How Electromechanical Locks Can Increase Campus Security

Learn how electromechanical key systems are keeping campuses safe, making students’ and facilities’ building access on campus easier.

How Electromechanical Locks Can Increase Campus Security

Aikin also says that the lock systems create a visibility to what is occurring at a door, including a student’s dorm door. The visibility helps the remote, designated user to determine what kind of service is needed at a particular door.

For example: if an intruder picks up a lost student identification card, gets into the dorm and tries to find the card owner’s room by trying to unlock multiple doors, the remote user can deactivate the unlock feature on the card.

“The solution is that the culprit won’t be able to get in,” Aikin says. The lock system sends a to security “telling them that someone has this card, and they’ve tried to enter [multiple] times in a certain amount of time. They will shut off access to the credentials and notify the police.

“The good thing about the credentials is that they’re canceled upon the knowledge of the card being lost, and the owner might not know it.”

Aikin also says that the lock system also performs audits of what has occurred at selected doors, such as a break-in.

“They can see who is at the door, who has been at the door, what time,” he says.

He also says that being able to see this audit online and in real time enables campus security to react immediately, instead of waiting for an offline product.
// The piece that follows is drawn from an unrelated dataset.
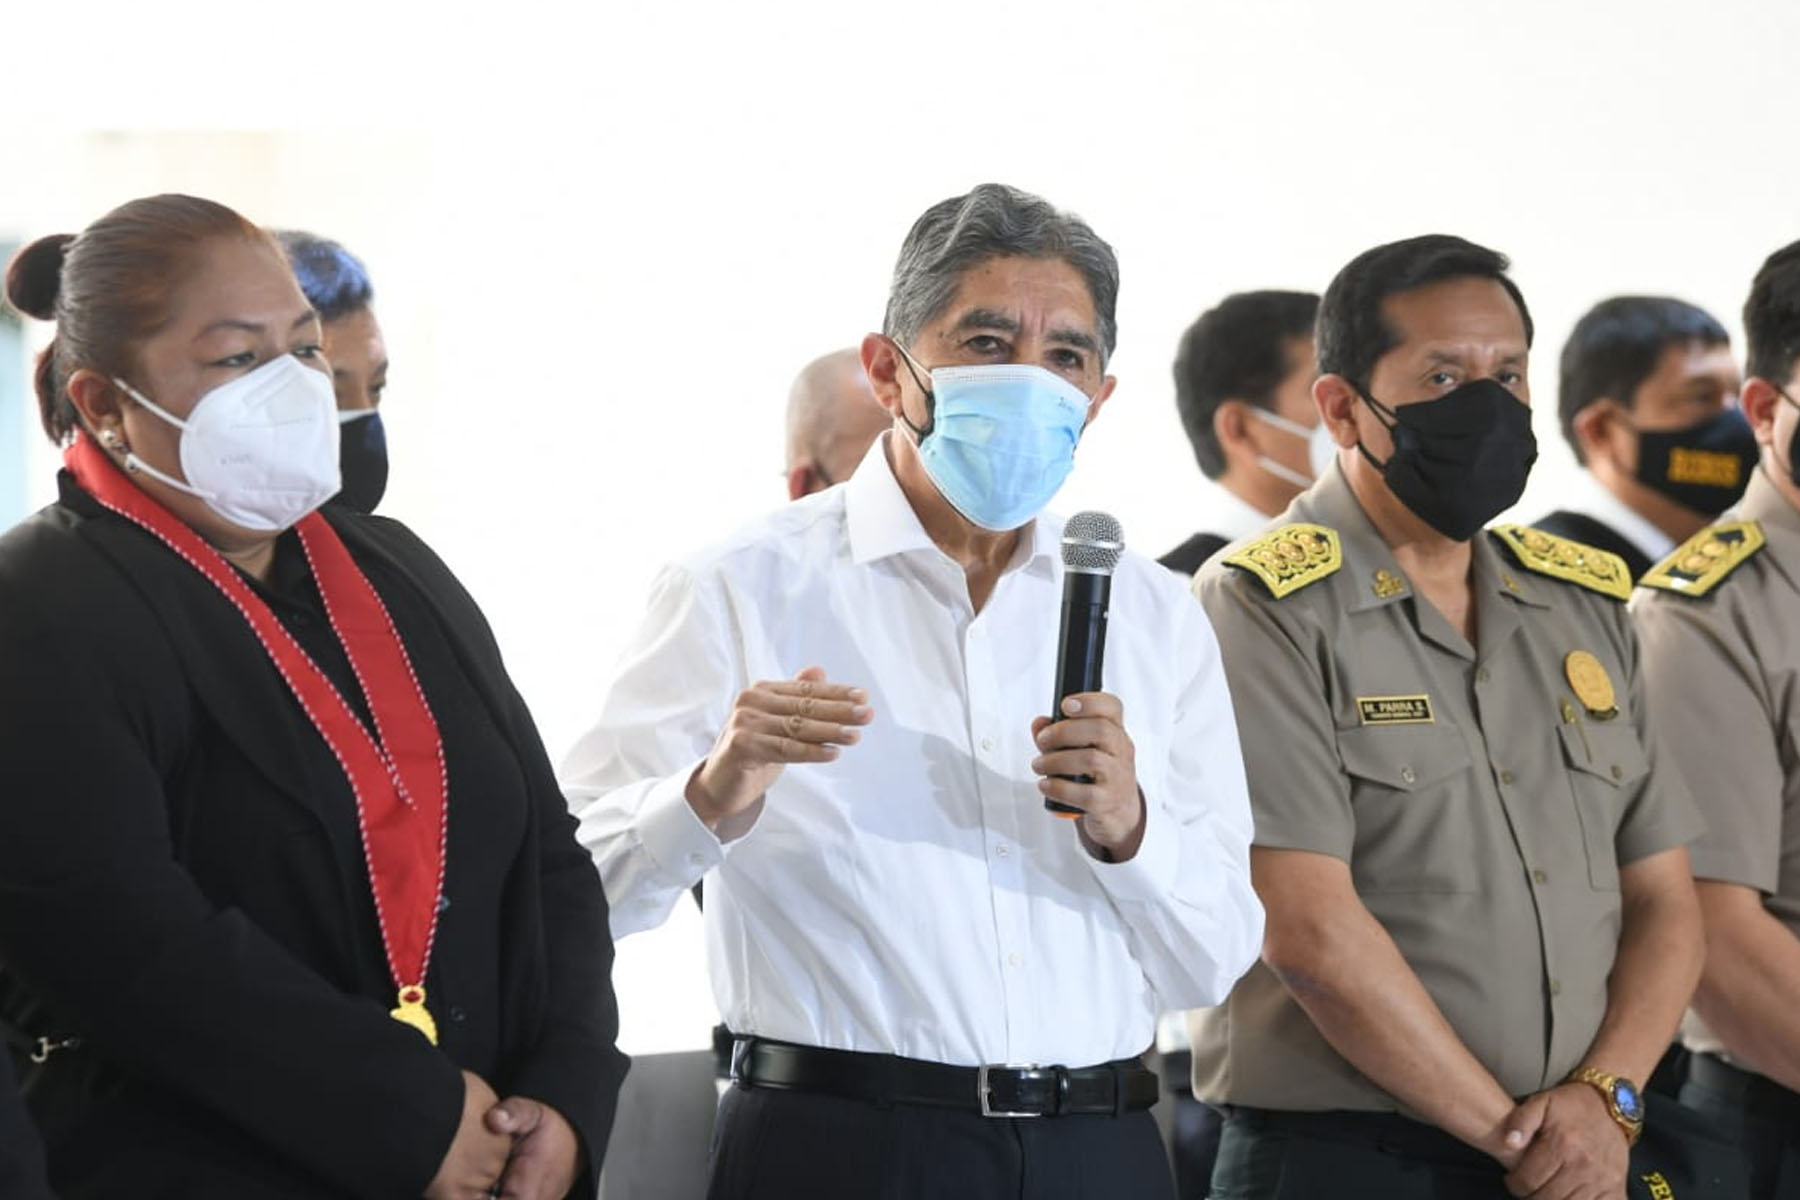 El ministro del Interior, Avelino Guillén, anunció que “ya está en trámite” la declaratoria del estado de emergencia de Lima Metropolitana. Foto: Ministerio del Interior.

“The key thing is having that real time communication of that audit event and being able to know in real time that a door was propped open or someone else gained access other than the normal user,” Aikin says.

Aside from protection, the electromechanical key systems are making students’ and facility members’ lives easier.

One example of this is through the reduced number of student lock outs.

With traditional locks and metal keys, students who are locked out of their rooms often have to wait for resident assistants to come and unlock their doors.

But, with the electromechanical key systems, “students can send a text message [to the system] to open their doors,” says Sarah Ledwith, Product Marketing Manager for CBORD.

Ledwith also says that resident assistants and other pre-approved staff members can also be granted temporary access to the elevated “master key” privileges through their own ID cards, if needed.

“You can set how long a pre-approved person can use the master key privileges [on the system],” she says. “For example, you can set the time for ten minutes. You have to state why you need access to the master key privileges, such as if it is being used for a lock out. A text message goes to the system and the access is activated.”

A text is also sent to a supervisor informing him or her who activated the master key privileges, along with why he or she needed those privileges. All occupants of the room or suite also receive a text or E-mail explaining when and why “master key” access was granted.

“It’s more secure than the ‘we were here’ sheets often left behind by maintenance staff,” Ledwith says.

Aikin says that facilities will also have an easier time accessing buildings on campus with the electromechanical key systems.

“There was a concern for the balance between security and efficiency,” he says, especially when facility members have to sign out a key, fix something in a building, return and sign in the key, and sign out another key for the next project.